DATA EXCERPT ▸
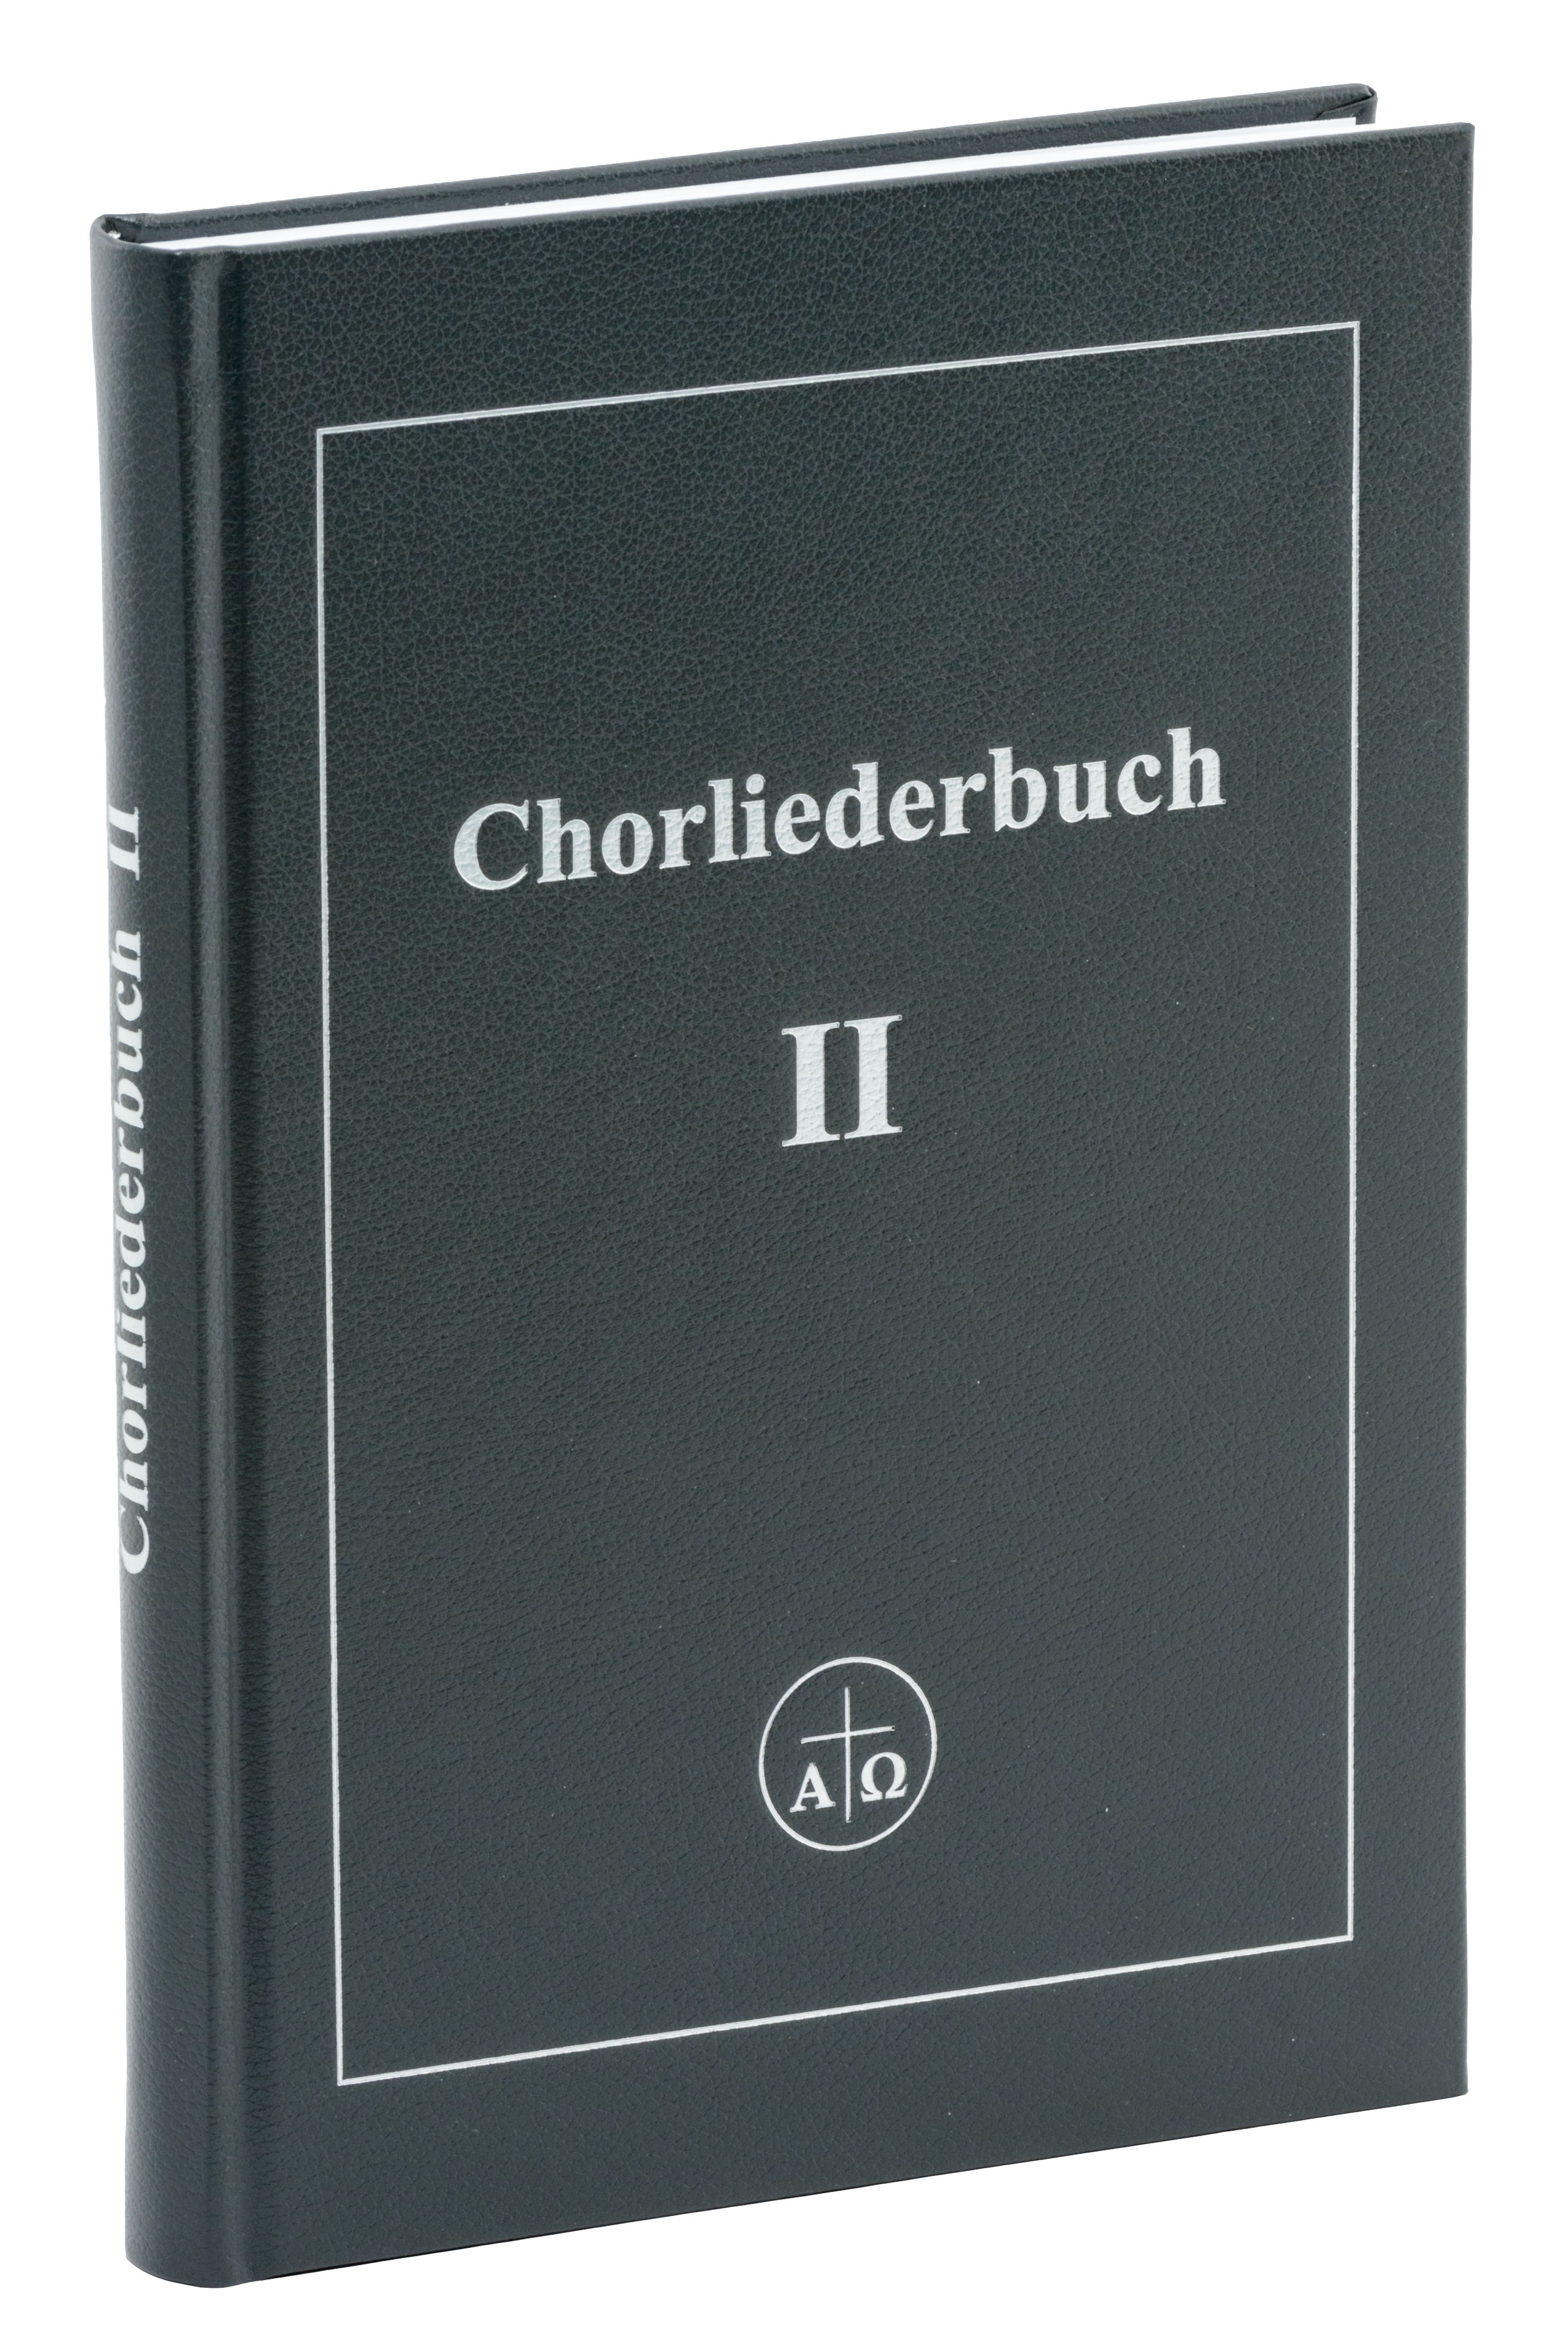 Chorliederbuch II
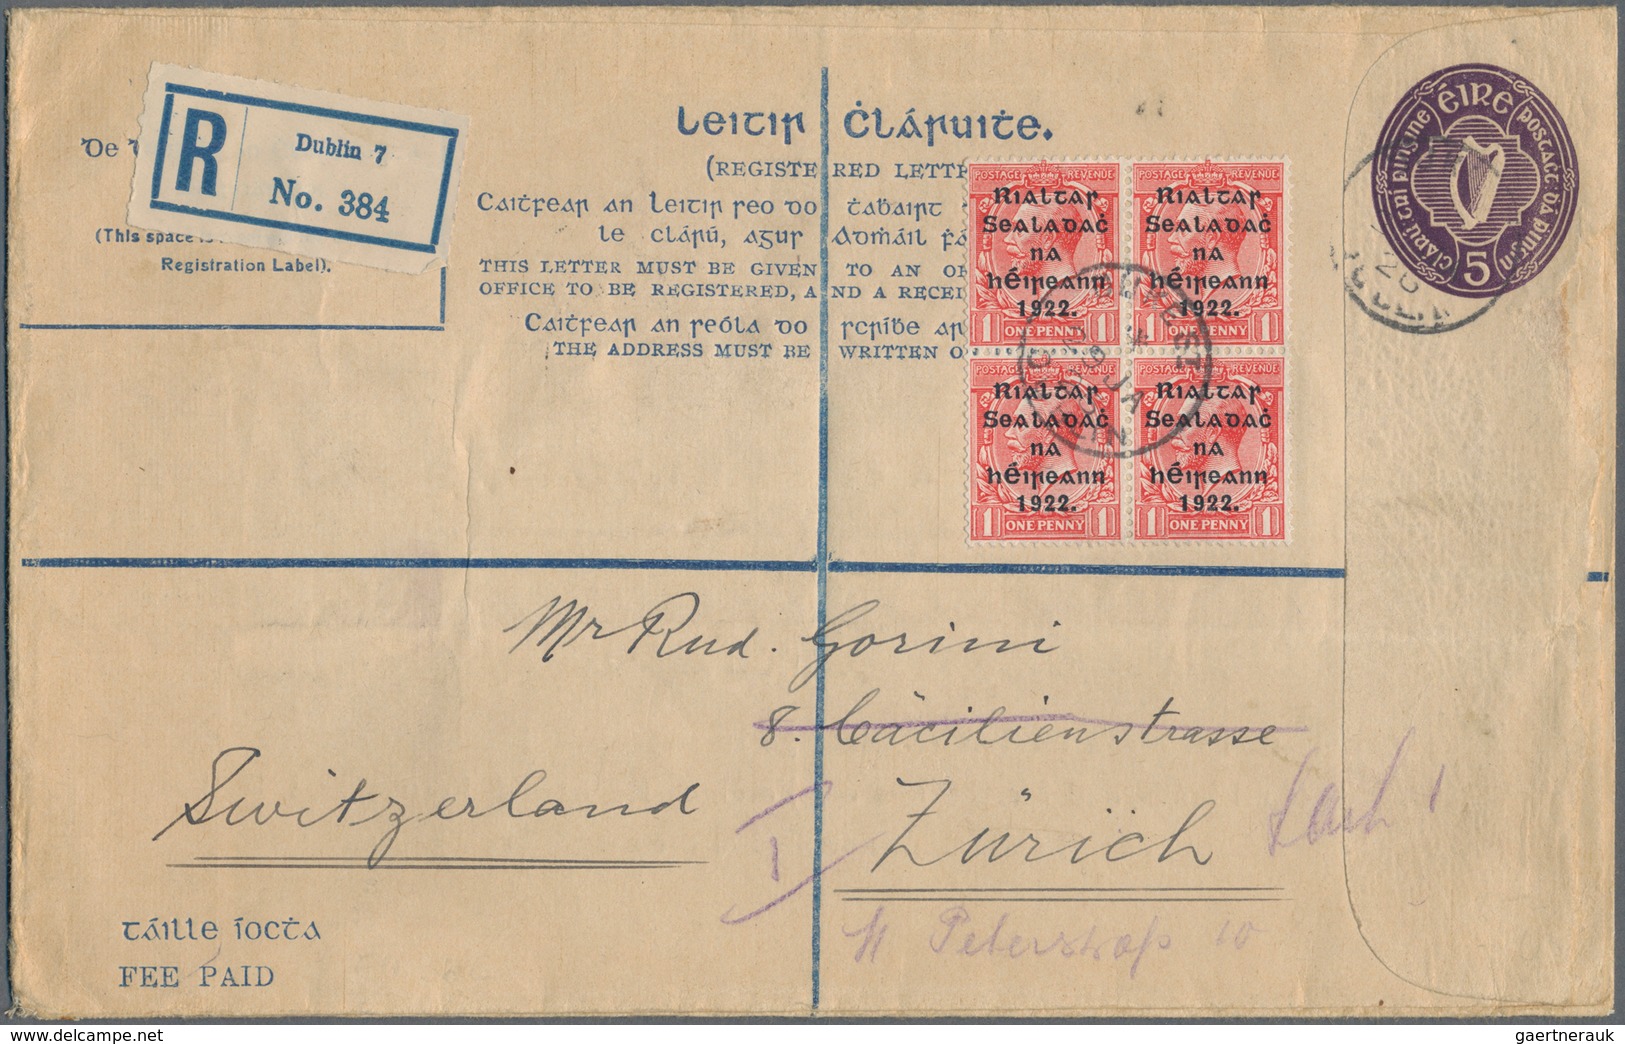 26848 Irland - Ganzsachen: 1922/2011, umfangreiche Spezial-Sammlung "Ganzsachen-Einschreibeumschläge" inkl
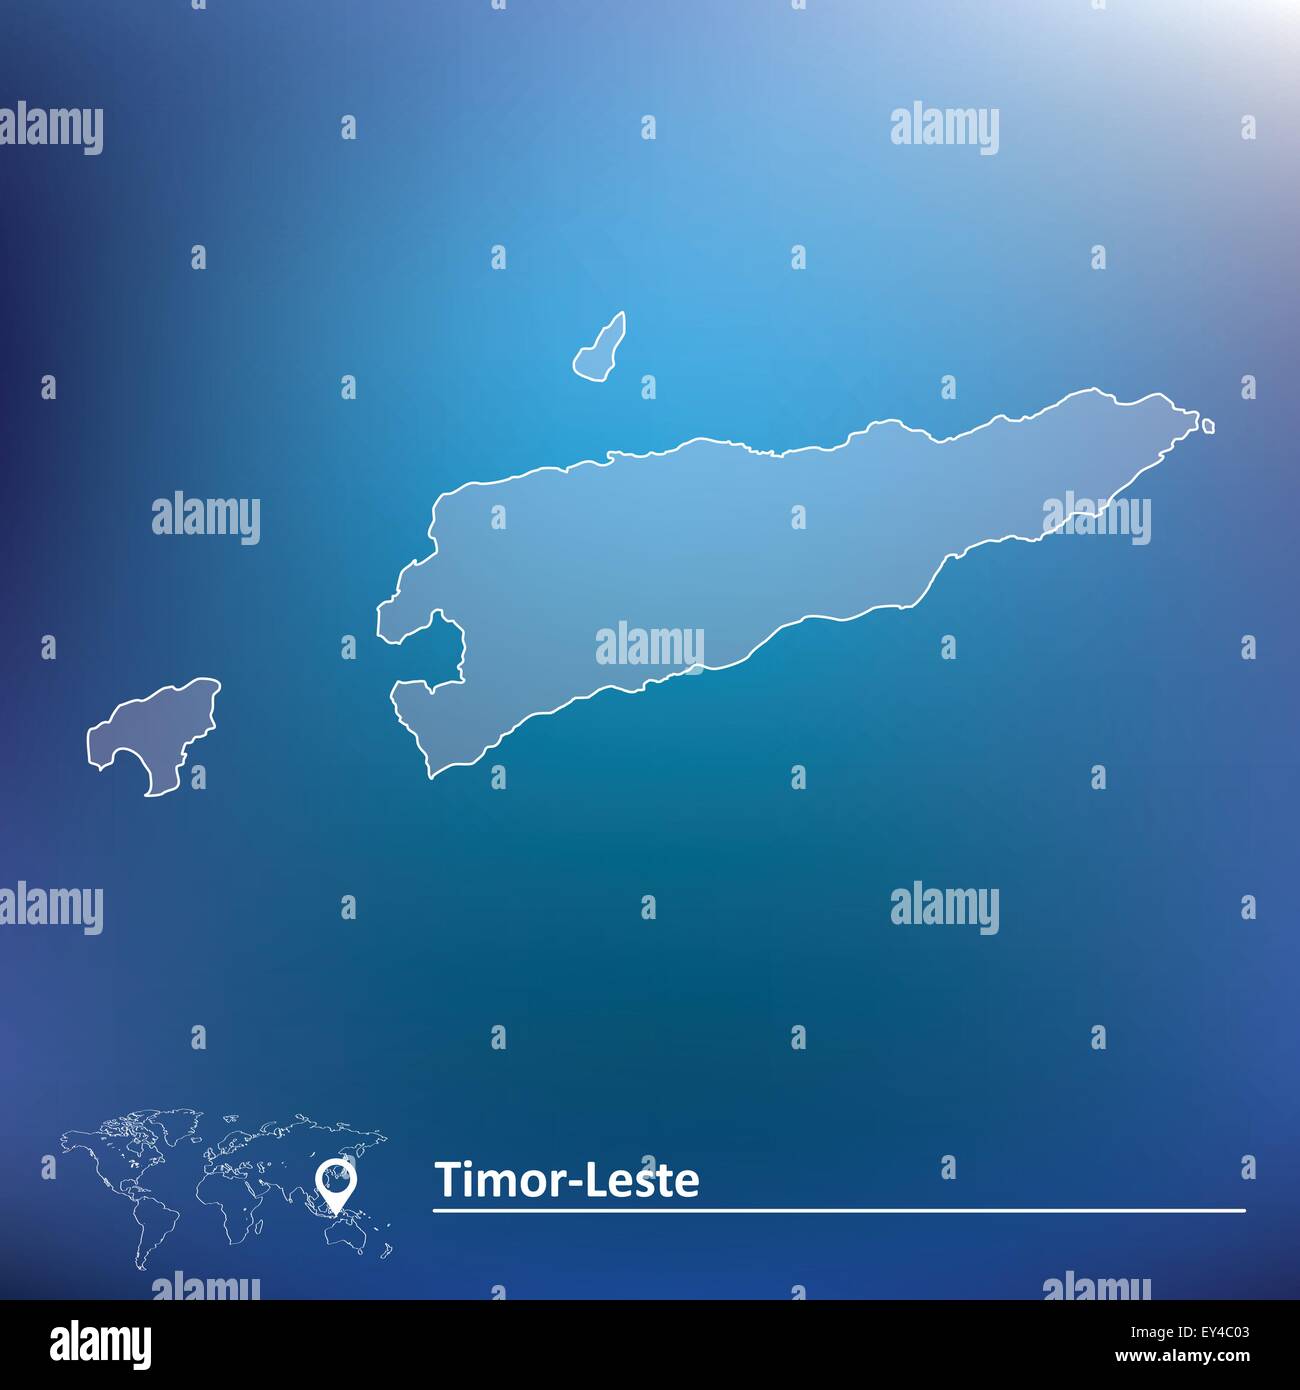 Map of Timor-Leste - vector illustration Stock Vector

TASK TO COMPLETE ▸ Would you transcribe, exactly and only, the lines from the one that contains "26848 Irland - Ganzsachen: 1922/2011, umfangreiche" through the last line of the data above, without any pictures?

YOUR SOLUTION ▸
 26848 Irland - Ganzsachen: 1922/2011, umfangreiche Spezial-Sammlung "Ganzsachen-Einschreibeumschläge" inkl
 Map of Timor-Leste - vector illustration Stock Vector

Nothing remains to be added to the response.